If we are to remake, and be remade, we must ask ourselves what makes a city creative? Is it opulent bars and clubs posing as "literary salons" of the 20s, while charging a small fortune for some liquor and ice; is it through classification – labelling areas of a city as ‘creative’ for no reason other than its central location and abundance of overpriced shops and restaurants; or, is it something deeper, something harder won and, most dishearteningly, easily lost.
In Henri Lefevbre’s Right to the City, the author argues for the role of play and creativity in the face of work; positioning the place of play as belonging squarely in a city’s streets and public spaces where disorder, spectacle, and interaction abide [3]. I would propose that we should begin to harness our streets and public spaces for the latent power that they hold, and would suggest that the way to do this is through play. By reclaiming play as a right for everyone, adults and children alike, we may begin to reclaim our cities.
My inspiration for this article began in 2019 on a trip to Solingen in Germany. On this trip, I found myself walking through its Brückenpark. As well as appreciating this park for its natural beauty, I was drawn in by one particular and unique feature – a trail of ten riddles, designed and conceived for the park in 2006 by the artist Ulrike Böhme [4]. These riddles lie inscribed onto steel plates which are dotted and hidden around the park's expanse.

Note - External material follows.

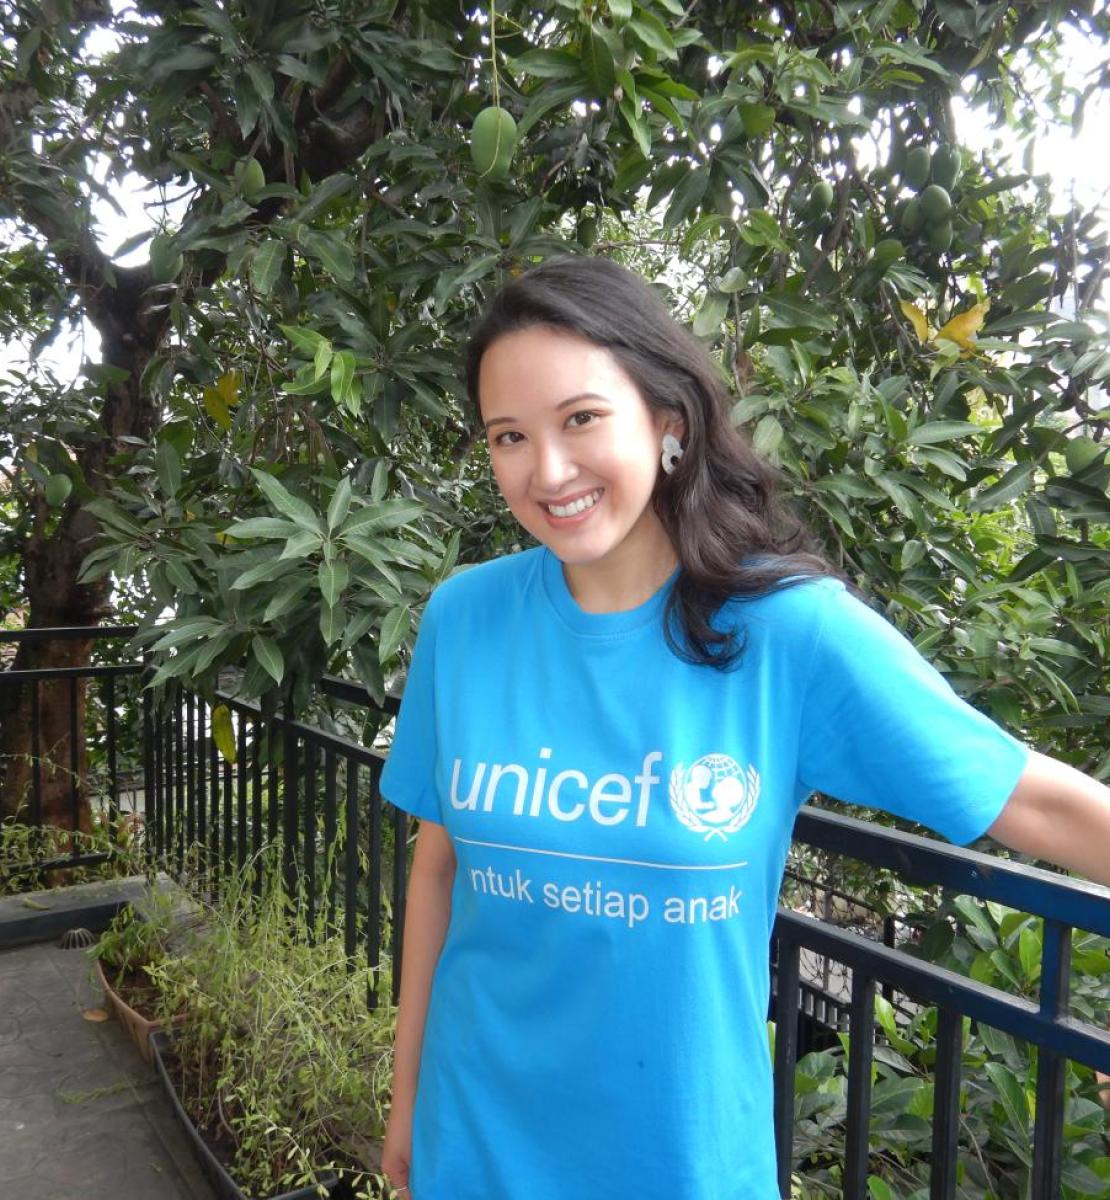 佐伊在2021年成为了联合国儿基会印尼代表处的一名联合国志愿者，开始了志愿服务之旅。

They can be solved by stepping onto the metal plate and awaiting answer – told to you by a mysterious and disembodied voice. The act of stepping not only elicits a knowing nod and satisfied smile from the visitor, but also newfound knowledge of the location itself. Each panel contains not just a riddle, but also a story of connection to the area. They stand as an ode to time gone by, inviting thought, presence and, more than a little, intellectual challenge to current inhabitants.
This park, and the time I spent there with my friends and the playful challenges that it offered, have stayed with me for the four years that followed. Why this longstanding memory? The answer, I would contend, is play. Play that brings togetherness, slows, re-connects, and makes. Play that connects people to themselves, each other, and what is around them.
We can recognise numerous examples of play and its potential in a city’s fabric. It may exist in humorous incongruity, like a public living room found by a blustery pier [5], or it could be its wilful subversion of the mundane, whereby even the blandest objects become a game. In Marseilles, rubbish bins invite passers-by to "slam dunk" their drinks cans as they walk past [6]. Drawing attention to local examples of engagement with the creative benefits of play, it would be impossible not to mention the Irish not-for-profit organisation, A Playful City, whose focus lies in creating ore playful, healthy, and inclusive public spaces. Their work has included musical benches, or Beat Seats, in Hanover Quay in 2019, colourful zig-zag seating areas in Spencer dock, and ‘playful streets’ in Dublin’s inner city. The resounding feature of their methods is the level of community consultation. For play space, if inserted into an area and a community without consultation on the needs and desires of that community, is not play at all – it is a form of coercion, to be creative in a singular, expected way.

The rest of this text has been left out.